* _What needs to be done_: Repeat the data below exactly, dropping any pictures it holds.

* _Data extract_:

..............................

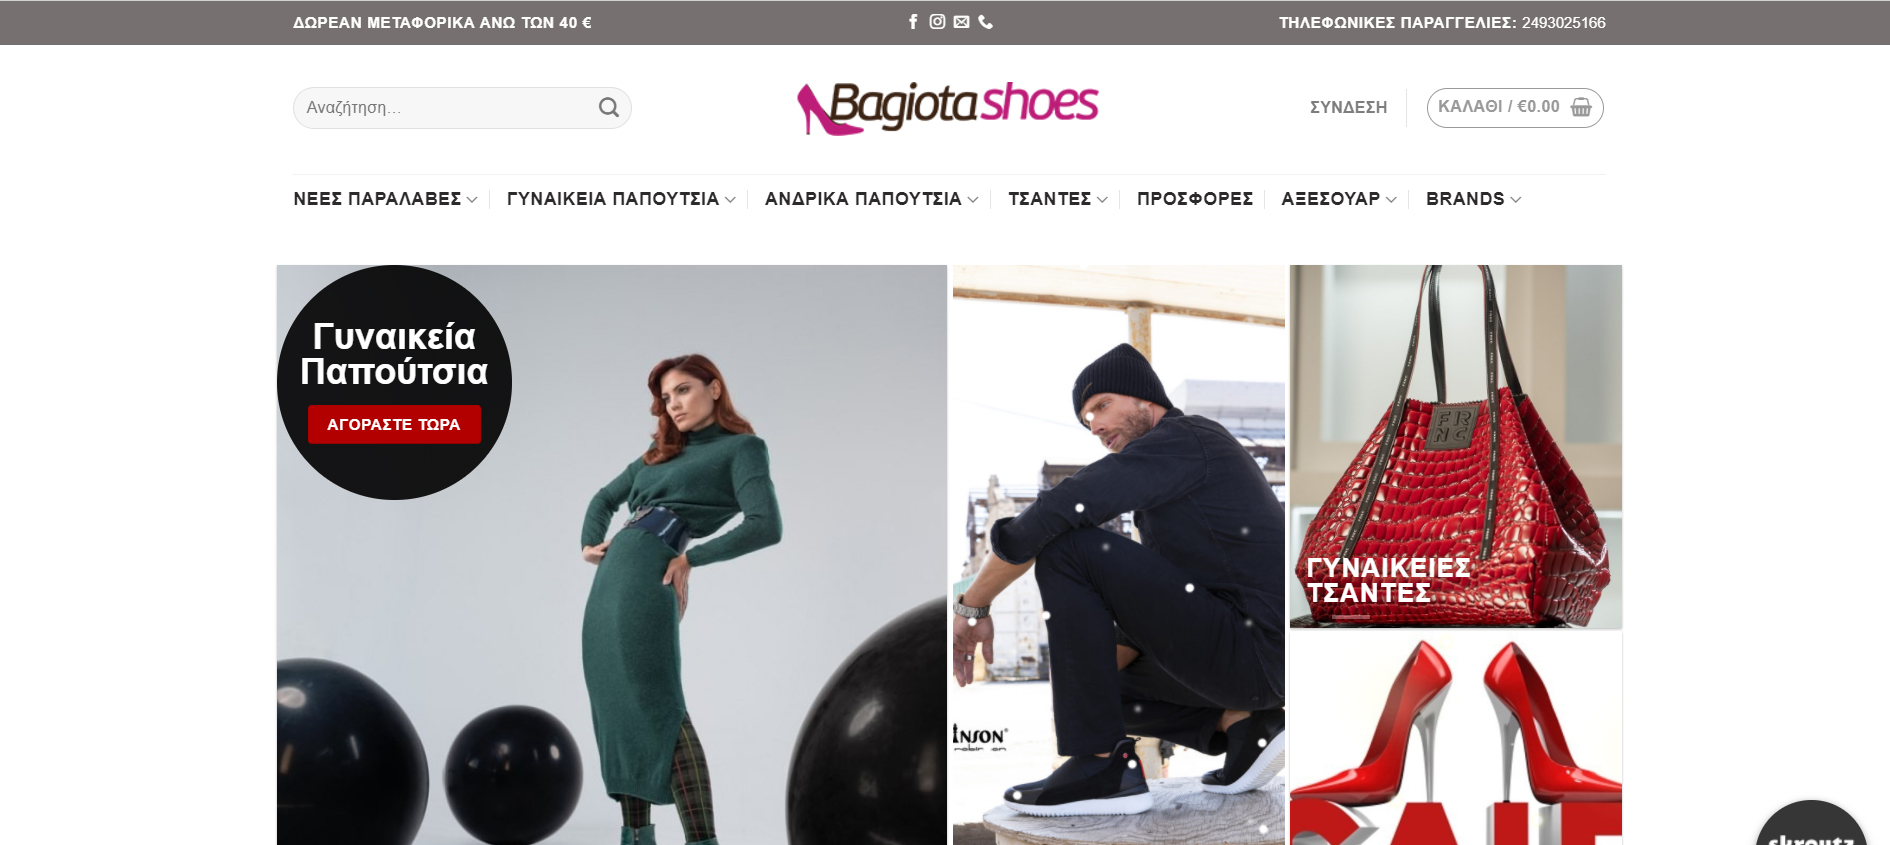 Γυναικεία αξεσουάρ μόδας Bagiota shoes
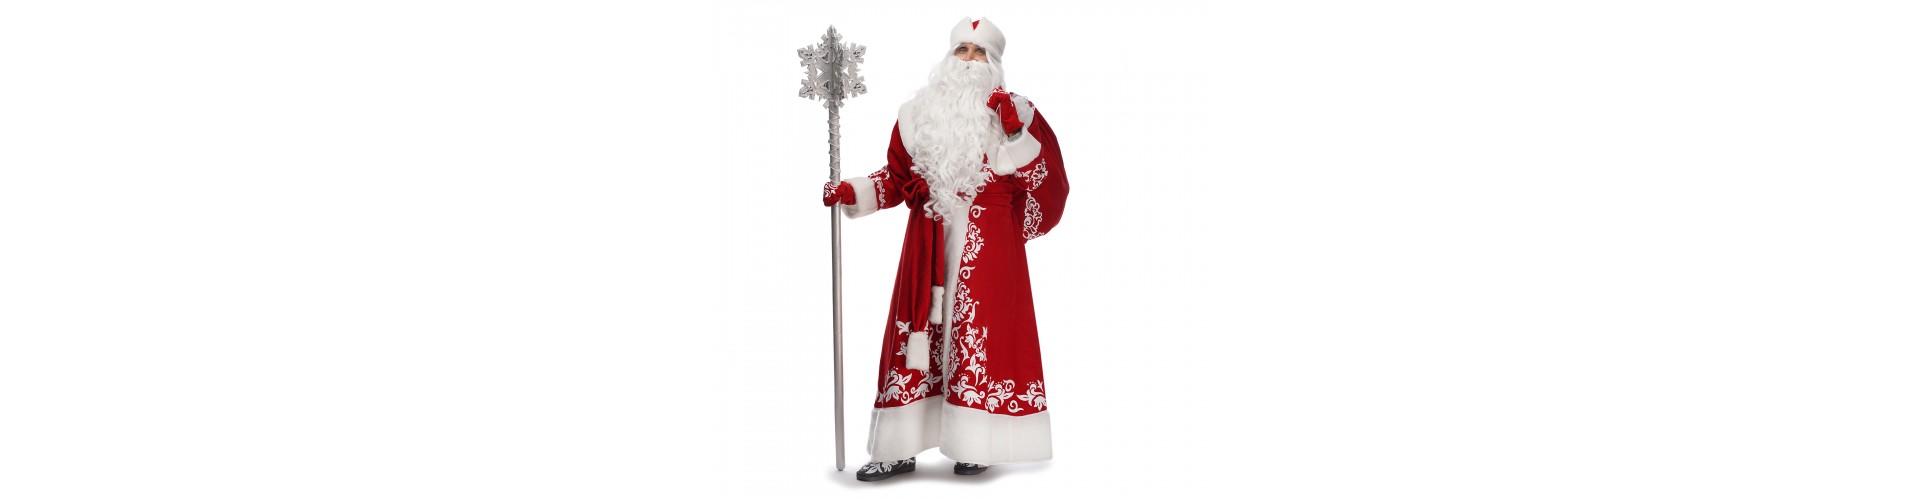 Костюм Деда Мороза – одежда, которая делает чудеса
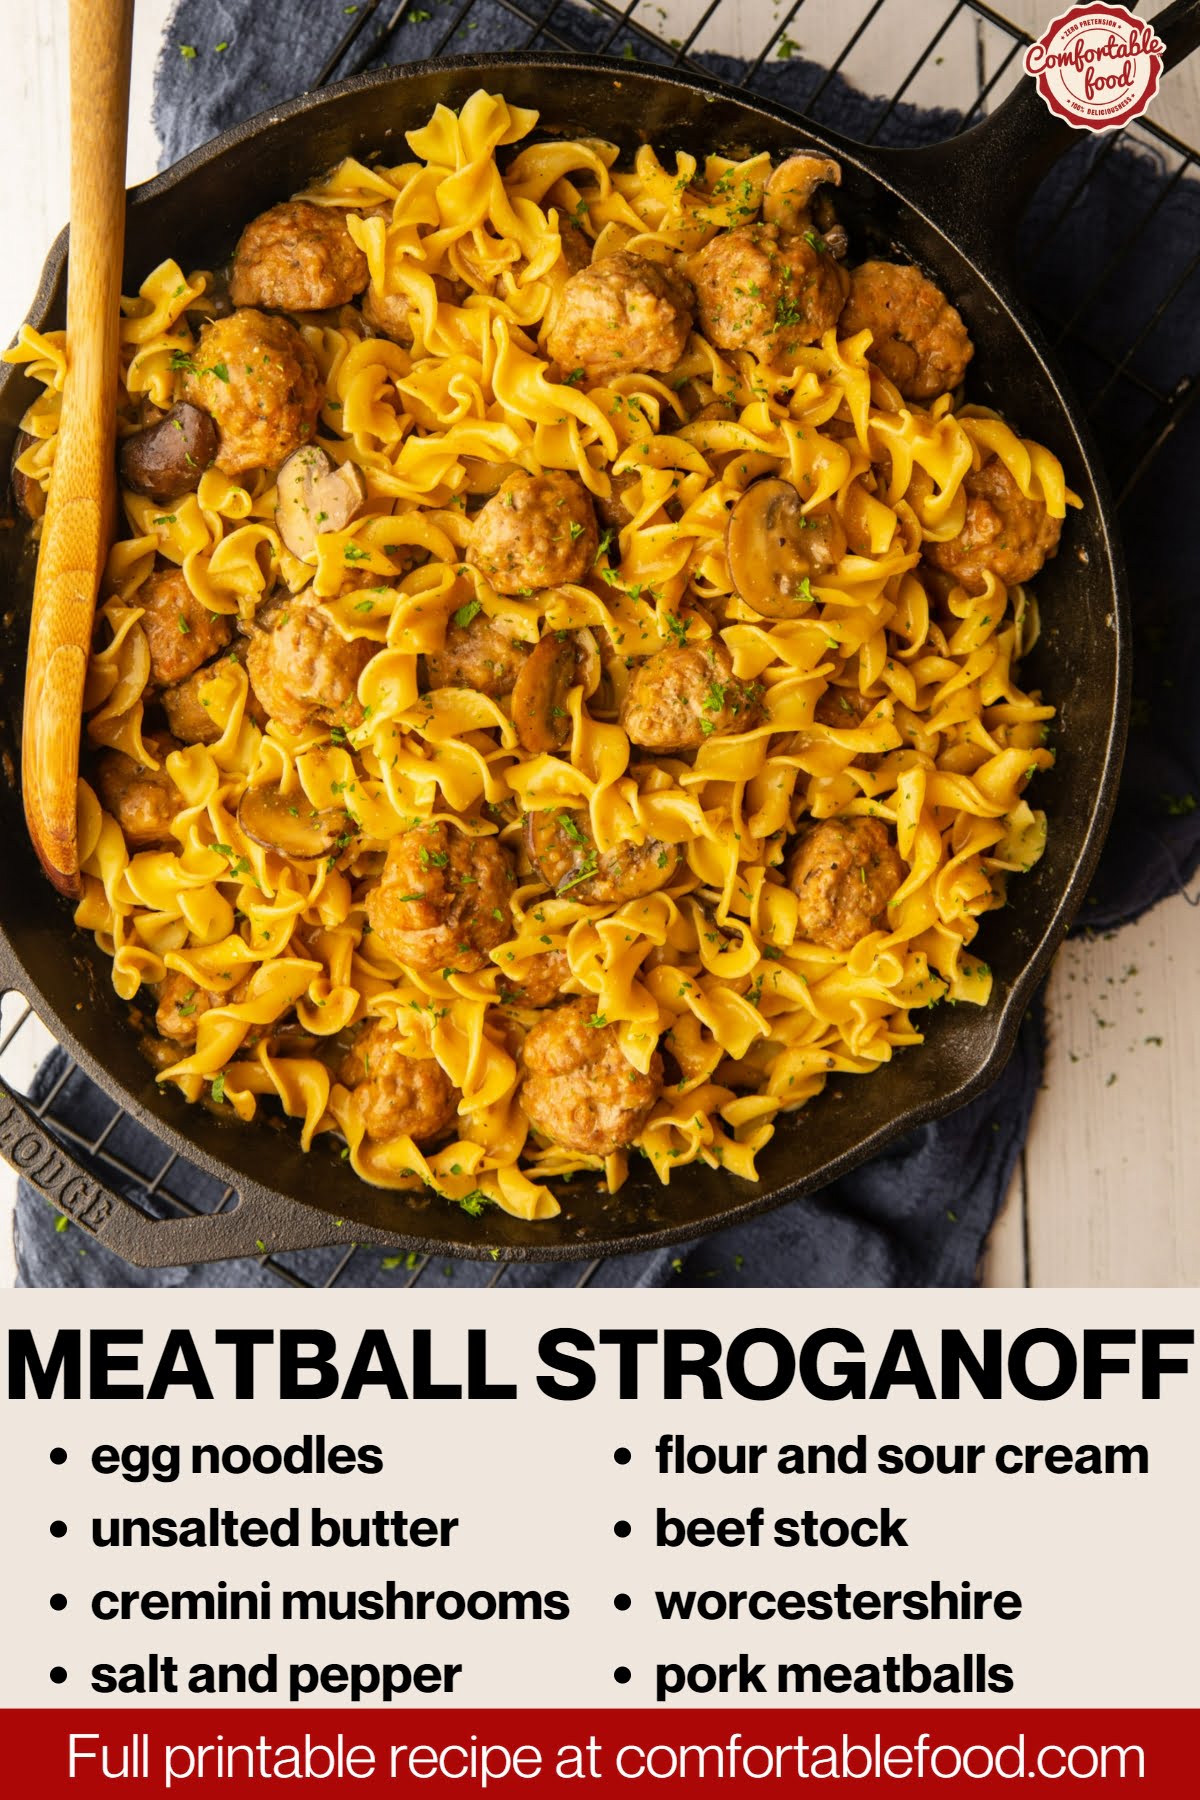 Meatball stroganoff - socials

..............................

* _Exercise result_:
 Γυναικεία αξεσουάρ μόδας Bagiota shoes
 Костюм Деда Мороза – одежда, которая делает чудеса
 Meatball stroganoff - socials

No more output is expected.